Фабрицио вооружился, принялся вынимать из тайников золото и вдруг остановился. «Нелепое существо – человек! – воскликнул он. – Что сказал бы невидимый зритель, увидев мои приготовления? Неужели я хочу бежать? Что я буду делать, если даже вернусь в Парму? На другой же день всеми правдами и неправдами снова постараюсь попасть сюда, чтобы быть возле Клелии. Если это бунт, воспользуемся случаем, чтобы проникнуть в комендантский дворец; может быть, удастся мне поговорить с Клелией, и в этом переполохе я даже осмелюсь поцеловать ей руку. Генерал Конти по природной своей недоверчивости, а также из тщеславия поставил у дворца пять часовых: по одному у каждого угла, а пятого – у парадных дверей; но, к счастью, ночь очень темная». Фабрицио, крадучись пошел посмотреть, что делают тюремщик Грилло и собака Фоке; тюремщик крепко спал в гамаке из воловьей шкуры, подвешенном на четырех веревках и оплетенном толстой сеткой. Фоке открыл глаза, встал и, тихо подойдя к Фабрицио, стал ласкаться к нему.
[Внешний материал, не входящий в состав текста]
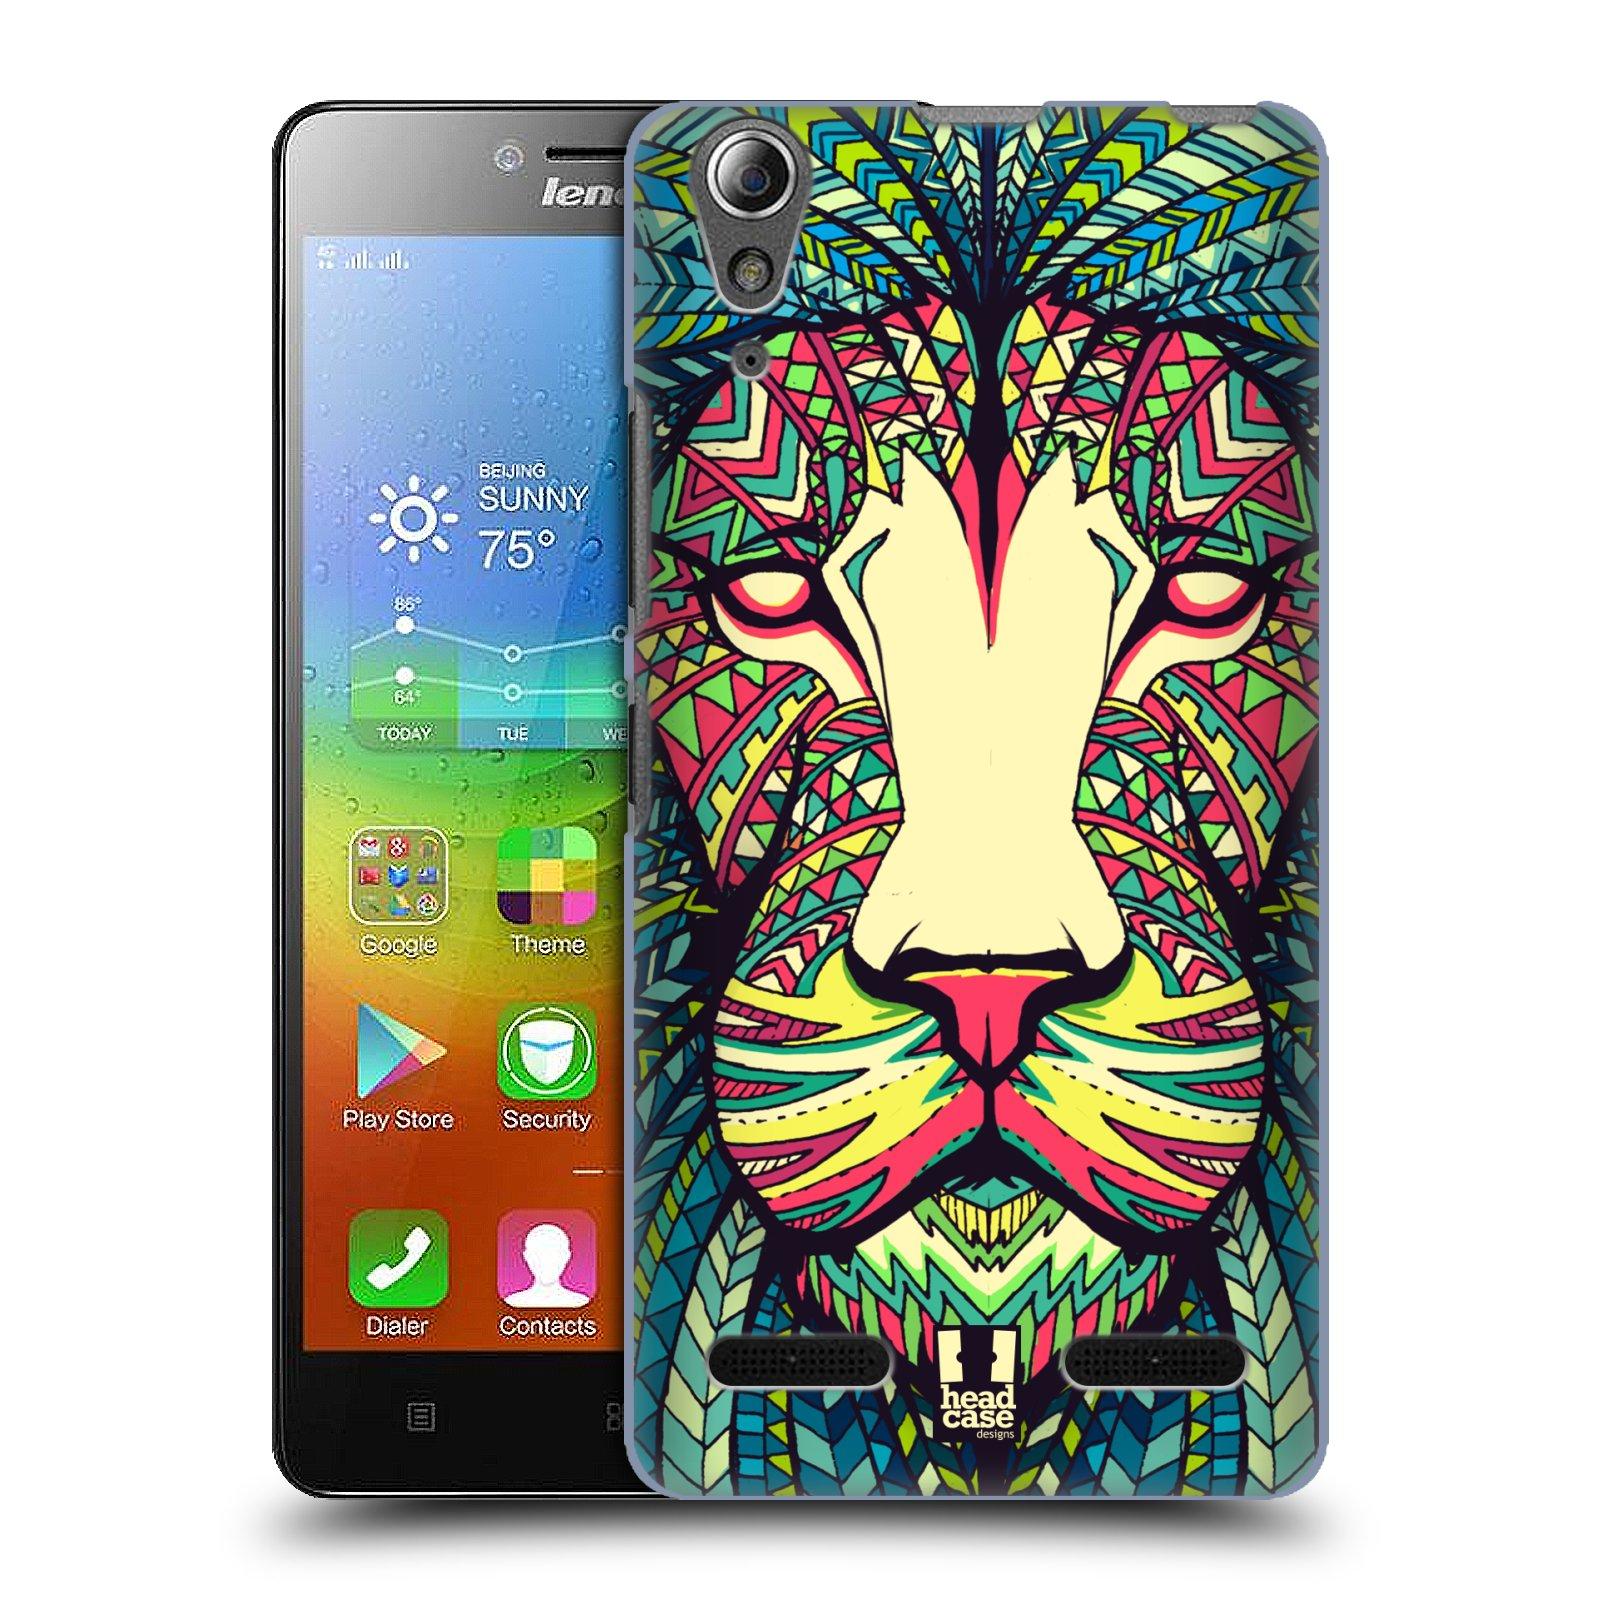 HEAD CASE pevný plastový obal na mobil LENOVO A6000 / A6000 PLUS vzor Aztécký motiv zvíře lev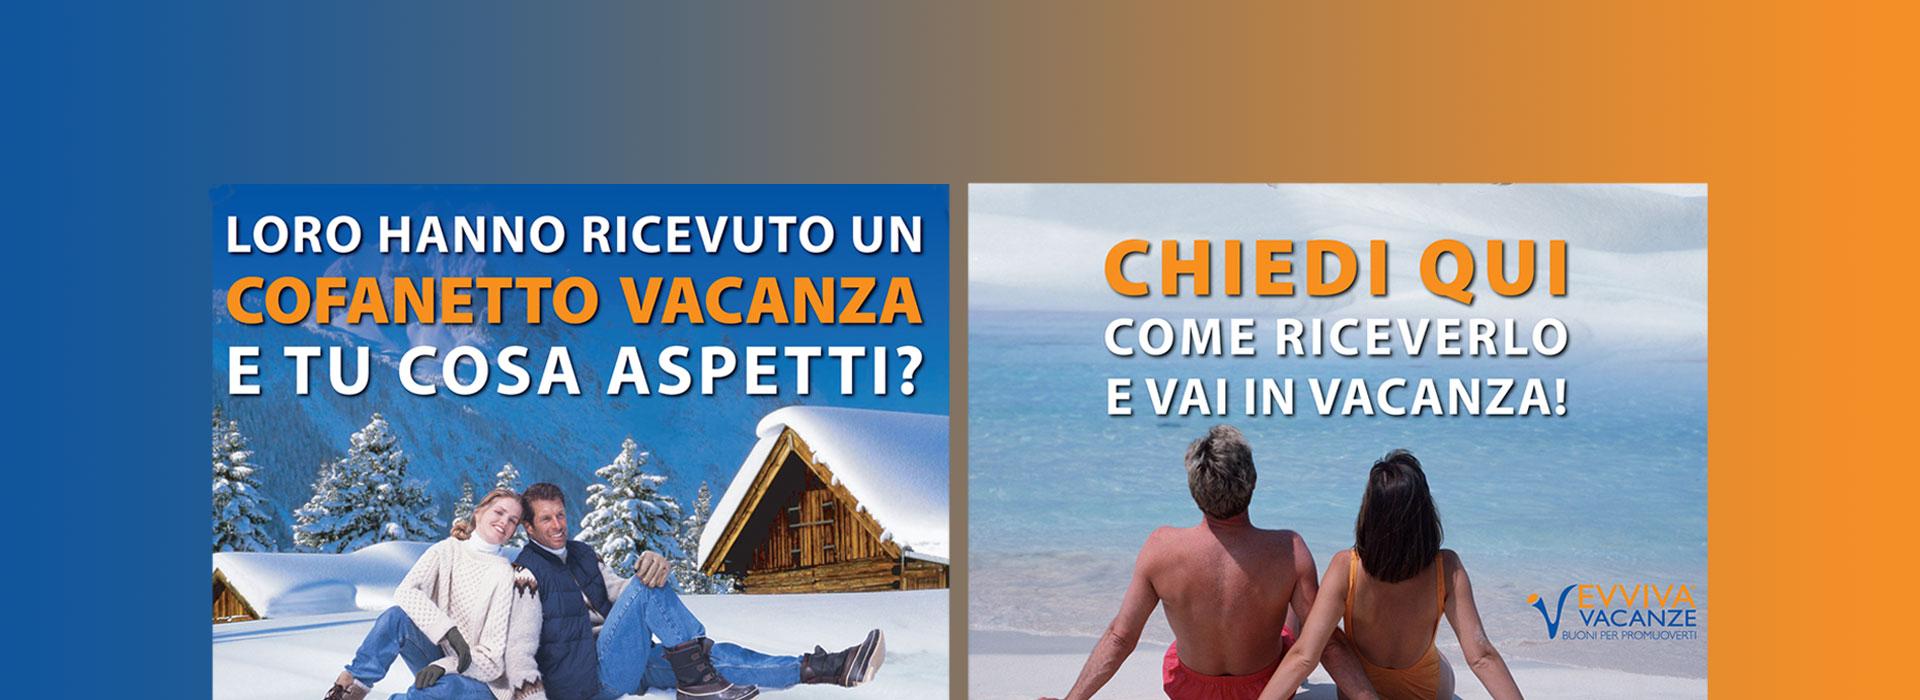 Slide-Promo-Vacanza.jpg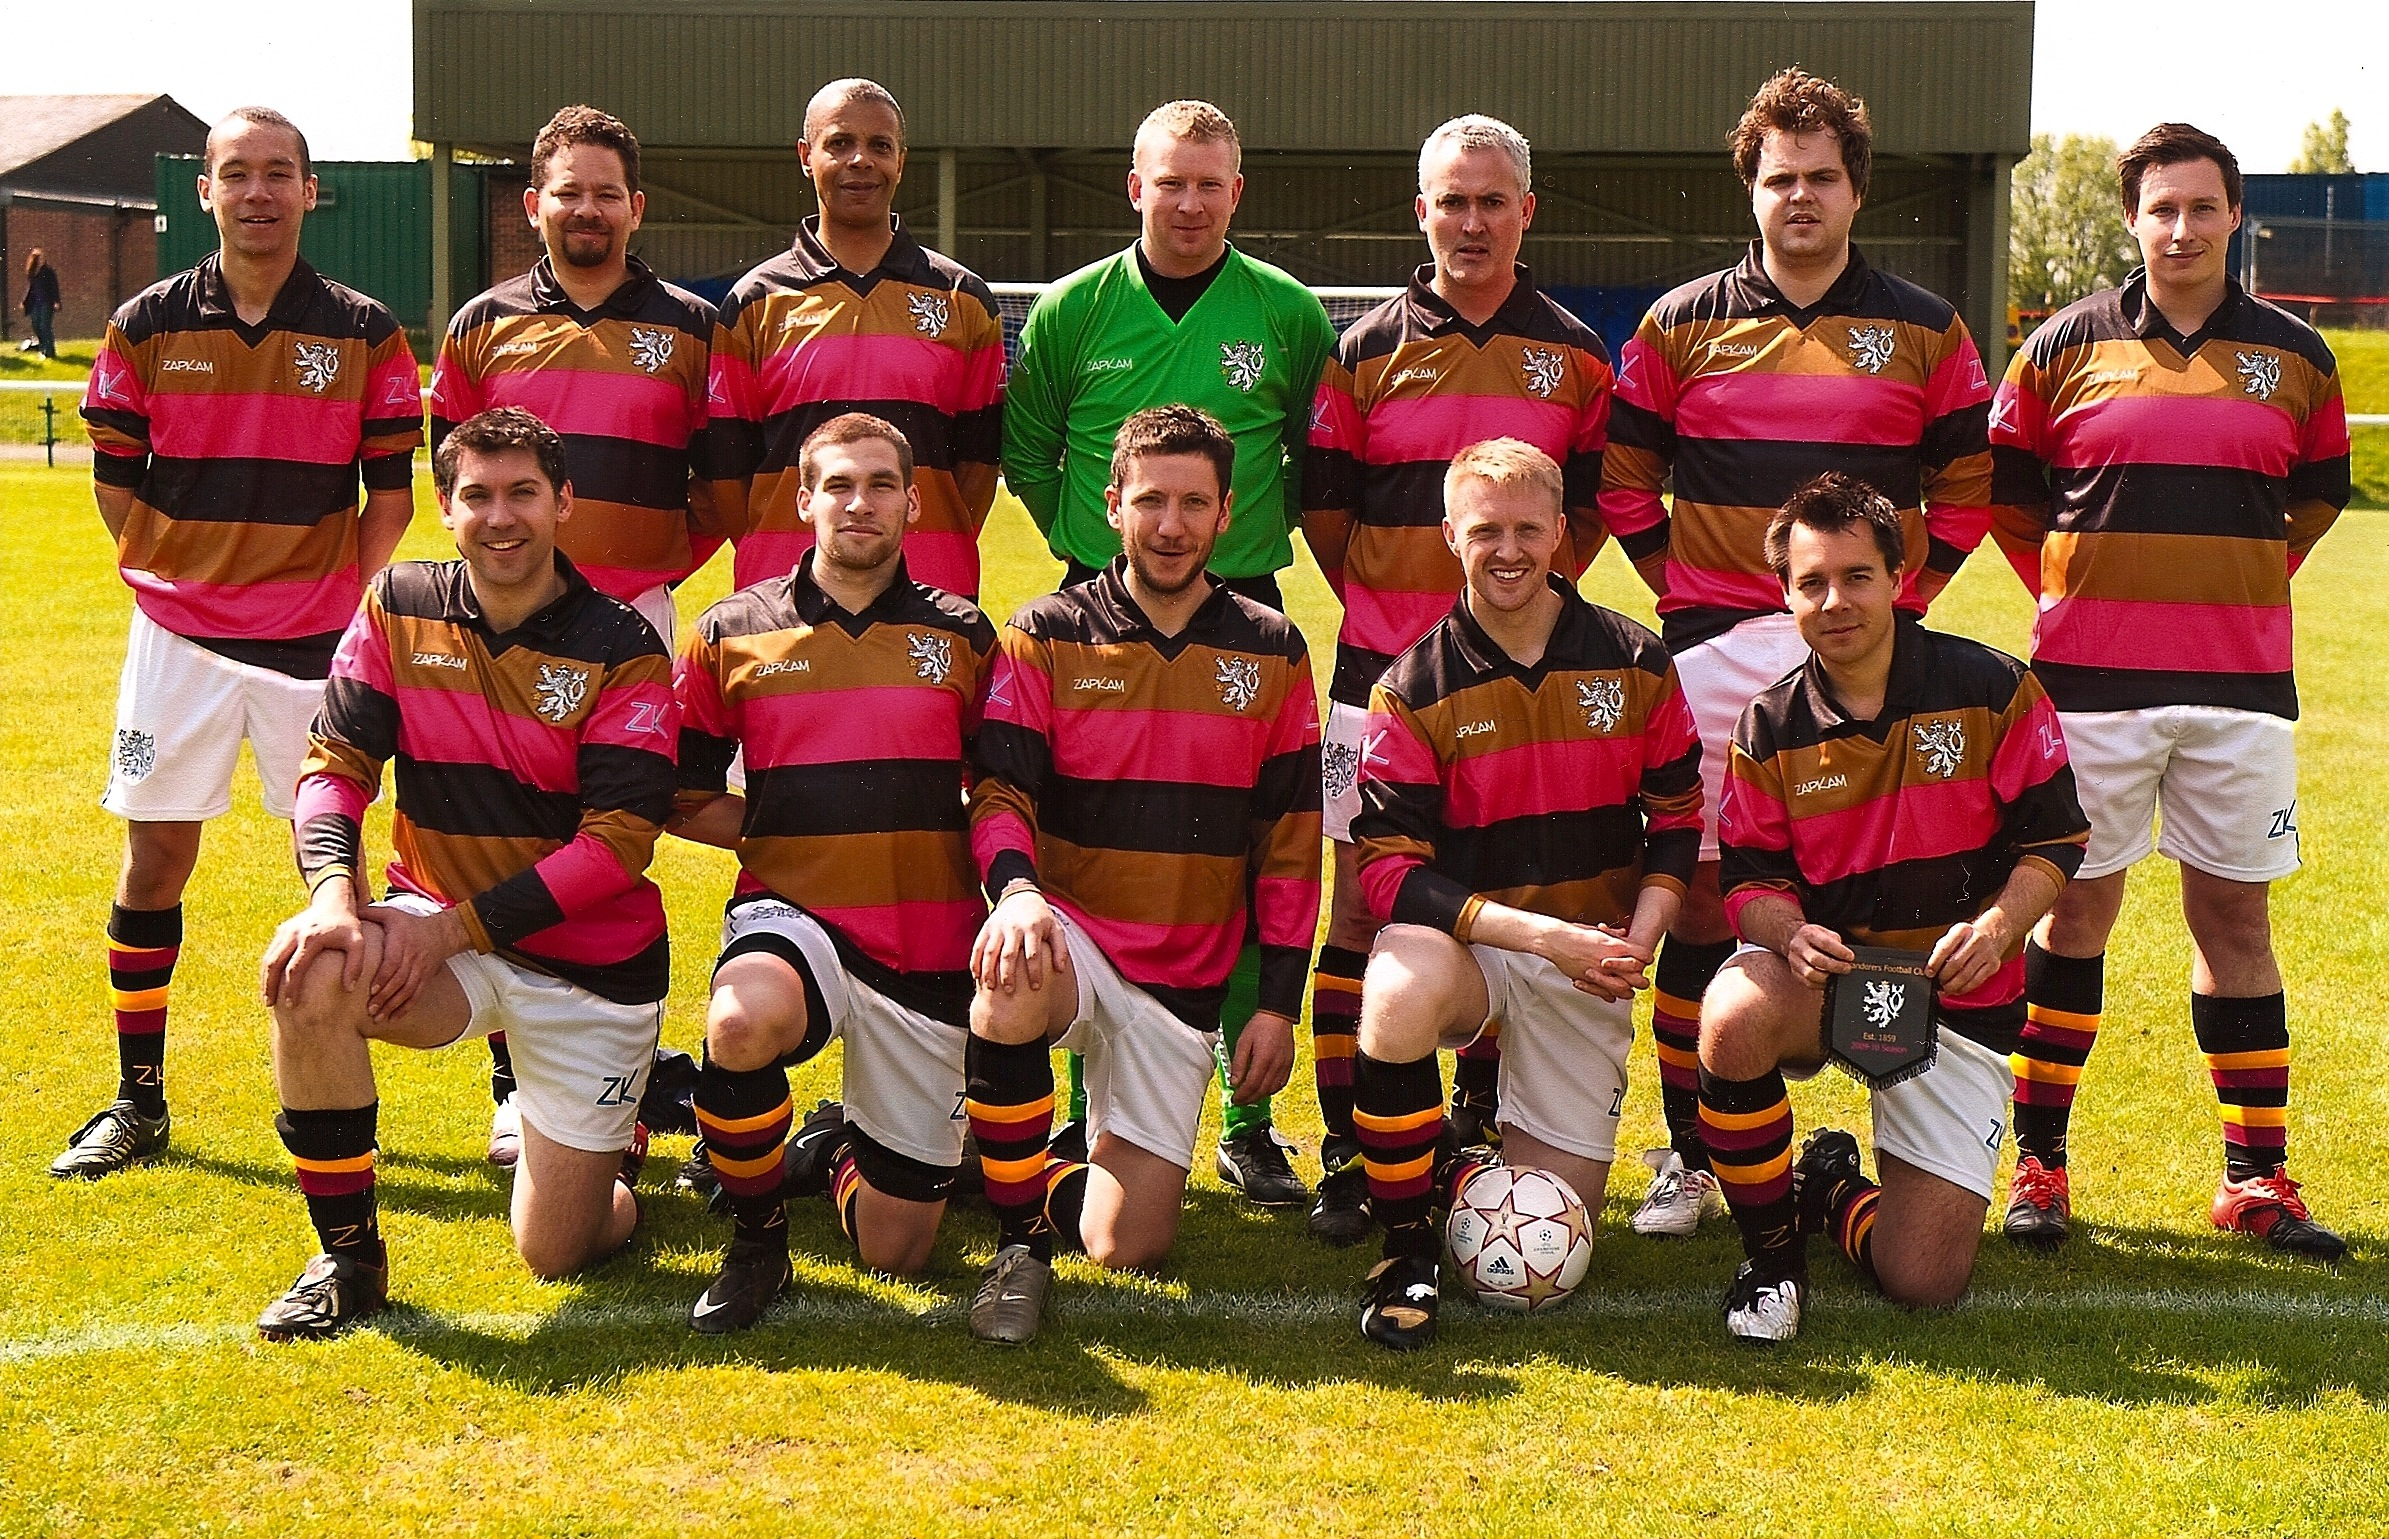 File:Modern Wanderers Team.jpg - Wikimedia Commons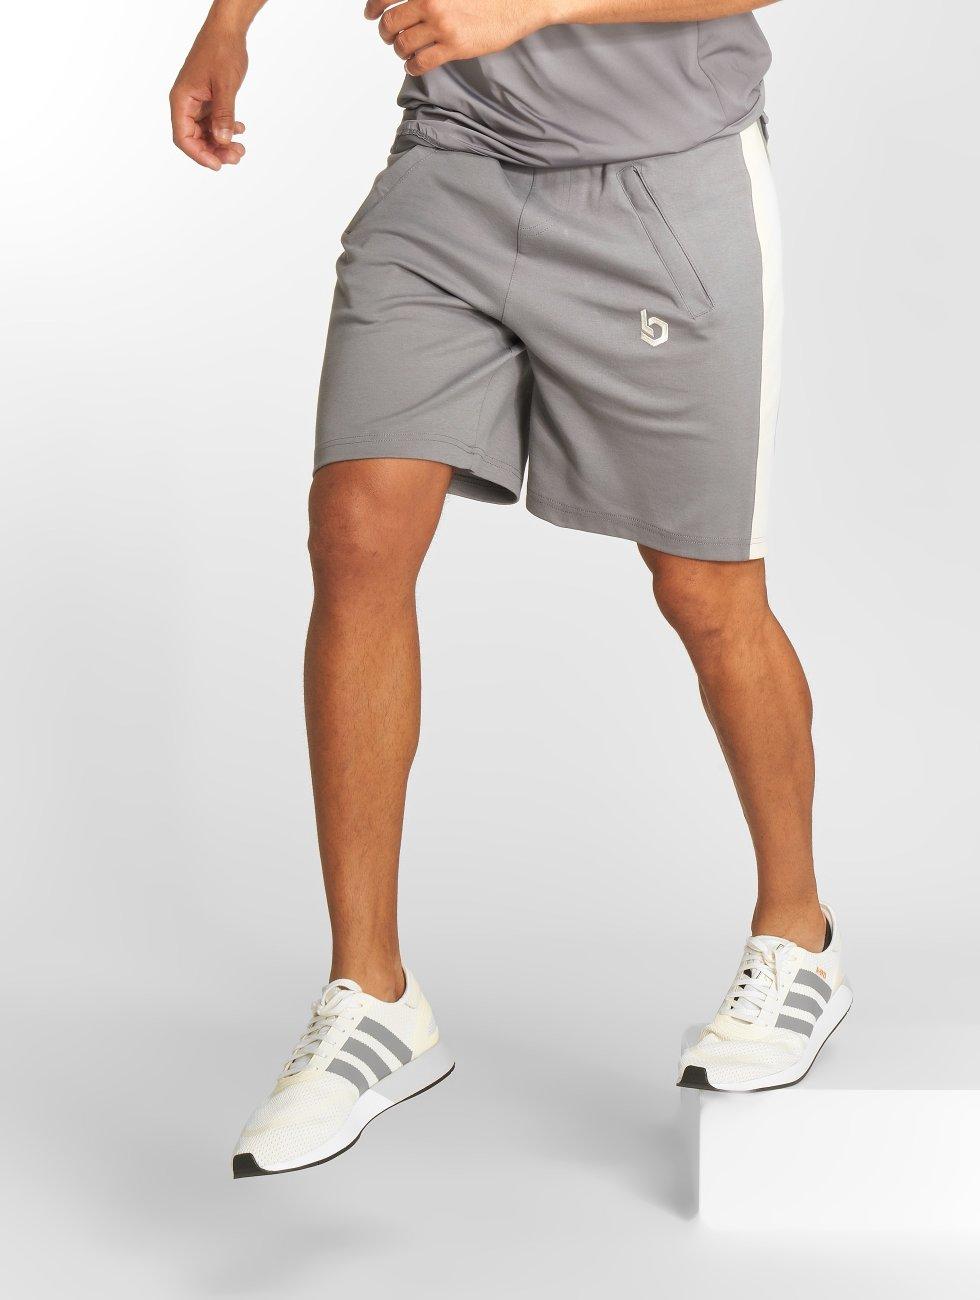 Beyond Limits Shorts Foundation grigio

Узник неслышно поднялся по шести ступенькам в свою дощатую клетку. Шум, раздававшийся у подножья башни Фарнезе, как раз против входной двери, все усиливался. Фабрицио опасался, что Грилло проснется. Собрав все свое оружие, он насторожился и приготовился действовать, полагая, что в эту ночь его ждут великие приключения, как вдруг услышал прелюдию прекраснейшей симфонии: кто-то устроил серенаду в честь генерала или его дочери. Безудержный смех напал на Фабрицио: «А я-то собрался разить кинжалом направо и налево! Серенада – дело куда более обычное, чем бунт или похищение, для которого должны проникнуть в тюрьму человек сто!»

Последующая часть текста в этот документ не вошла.